As it happens, Omar and I first met in this very building on the first day of graduate school in the fall of 1990. And we immediately became friends because of the funny elevators here, which some of you may have puzzled over just now on arriving. They start at the fourth floor or the sixth floor, but there’s no ground or first floor.
Well this confused both Omar and me in the same way when we first stepped into them. We were going to the same orientation meeting, that much we could see because we each carried the same mustard colored flyer. We exchanged a few words about being lost and then set off to find the session together.
Within the next ten minutes we quickly found out enough about one another to get a few teasing digs in. Omar mocked me for my unsuccessful summer job fishing for salmon in Alaska. I teased him for coming to Columbia after having studied at Oxford. I then took every opportunity to refer to his undergrad years at “Cambridge”. This kind of banter and teasing marked our friendship for the next almost two decades.
We were soon surprised to find that we were both dupes. The orientation session had attracted a mere fraction of the incoming students, most of whom were lazing around in the campus lawns or exploring the neighborhood. After suffering through the remarks of several university administrators, Omar and I slipped out the side door as well.
Let me tell another story about Omar, who was an endless source of good stories. I’m sure some of his friends who are here today will recount some of their funny Omar adventures.
Omar, I and Siraj, who is unable to make it today, were great friends all through grad school. And we studied together most of the time in Butler Library on the other side of campus. It helped our friendship that all three of us were in different fields and never had any classes together. That meant we had to discuss real things instead of the shop talk of our course.
Omar would sit at a particular seat in the library, and as the semester drew to its difficult close he would tug ever-more urgently on his forelock. Coincidently, this was when he gained that gray stripe in his hair that you can see so clearly in the pictures on display here today. Of course, Siraj and I couldn’t resist temptation and told Omar that his persistent tugging had made the striped forelock appear.
Over the course of the semester Omar would gain a wilder look. He’d let his beard grow thick and his accent would become gradually heavier. He’d become harder a bit harder to understand. Then, tests taken and papers submitted, he’d jet off to Pakistan for the holidays.

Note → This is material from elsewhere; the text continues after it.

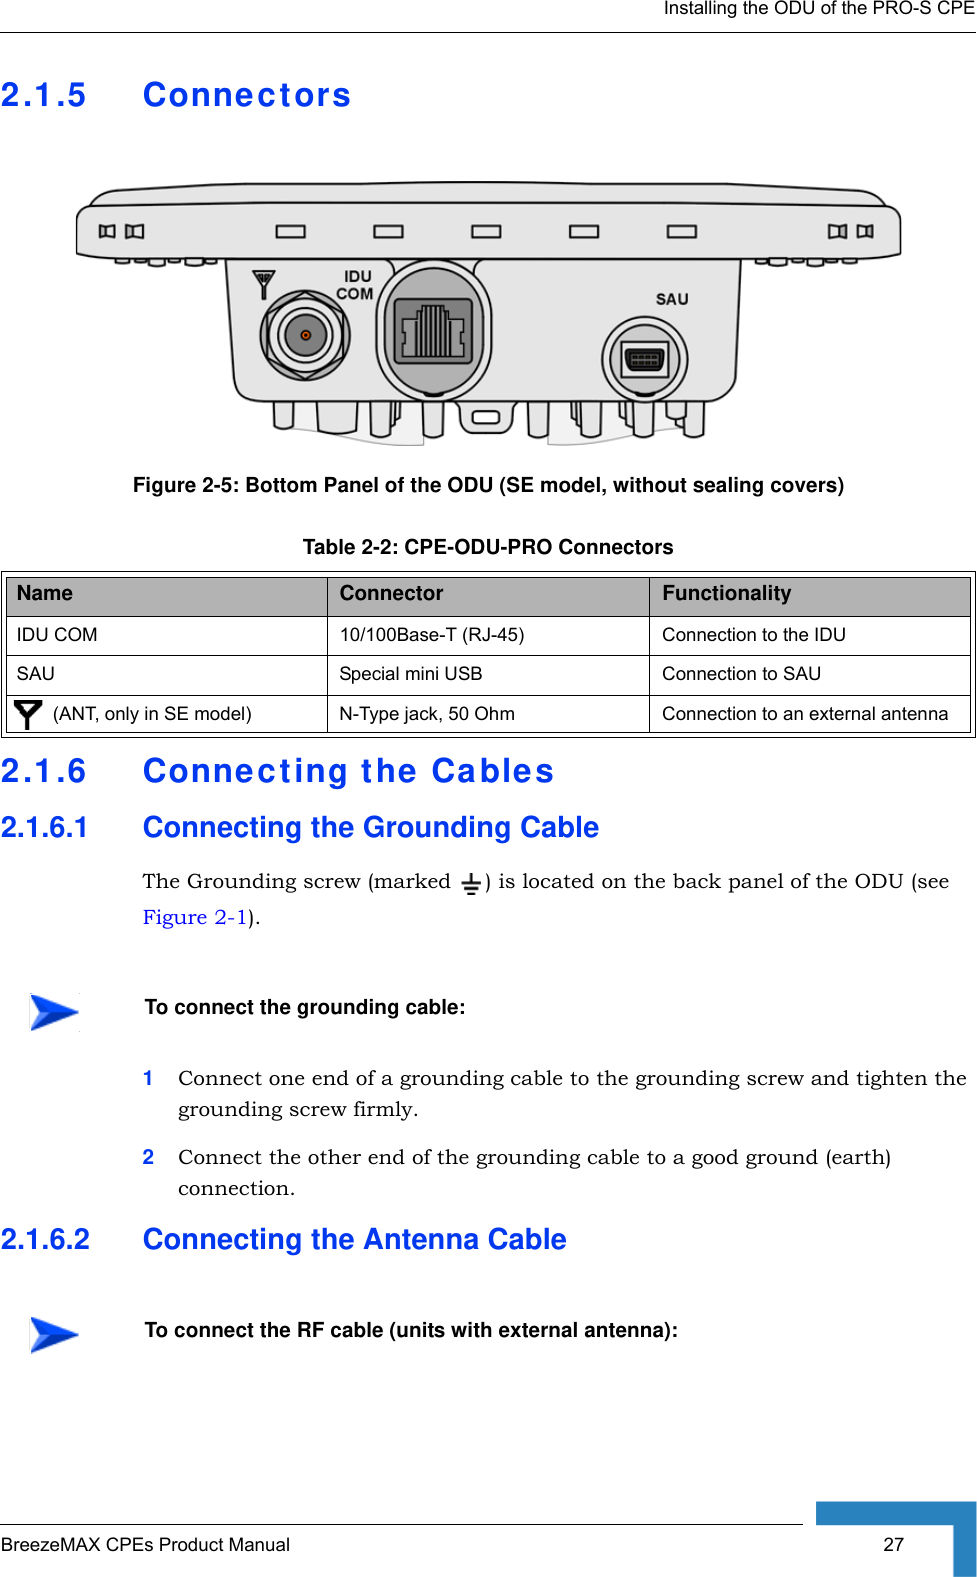 Installing the ODU of the PRO-S CPEBreezeMAX CPEs Product Manual  272.1.5 Connectors2.1.6 Connecting the Cables2.1.6.1 Connecting the Grounding CableThe Grounding screw (marked  ) is located on the back panel of the ODU (see Figure 2-1).1Connect one end of a grounding cable to the grounding screw and tighten the grounding screw firmly. 2Connect the other end of the grounding cable to a good ground (earth) connection.2.1.6.2 Connecting the Antenna CableFigure 2-5: Bottom Panel of the ODU (SE model, without sealing covers)Table 2-2: CPE-ODU-PRO ConnectorsName Connector FunctionalityIDU COM 10/100Base-T (RJ-45) Connection to the IDUSAU Special mini USB Connection to SAU       (ANT, only in SE model) N-Type jack, 50 Ohm Connection to an external antennaTo connect the grounding cable:To connect the RF cable (units with external antenna):

Omar would return after a profound transformation. His beard would be shaven, he’d reacquired his Oxbridge accent, and he’d have regained his chipper attitude. Sometimes he’d even return wearing tweed jackets with elbow patches, weather permitting.
Omar and I remain great friends over the years, even if his and my detours took us to different places. My mother always remarks that Omar is the only person outside our family who made to both my marriages. And he was best man at both.
It really only in the past two years, since Omar and Mursi returned to New York that I’ve gotten to know Omar’s family. And I’d like to pay tribute to them for their loyalty and persistence since Omar fell ill.
It’s a unexplainable injustice that Omar with his promise should be take from us. He was still young, of course, having only just celebrated his 40th birthday late last year. Omar and I shared a view that there’s no good explanation for why these thing happen.
Those around Omar stood up and assumed their duties, however. For this they can be proud and feel at peace.
I’d like to salute Mursi first of all for her bravery in caring for Omar. As many of you know, she agreed to get married right after learning of his diagnosis.
I also salute Naheed and Farid (and Kamal on his visits) for their persistence in searching for the best treatments for Omar. Others who have stood by Omar include Shaheryar Tasneen and Samar, Shomee and Fatema. Omar’s buddies from out of town –- Noor, Merwhan and Azfar (as well as Farid) – suffered through the agonising nights at the hospital when Omar couldn’t sleep, and wanted to walk yet more rounds of the ward.
All of you stepped up to lend a hand. You can be proud of having stood by Omar all the way.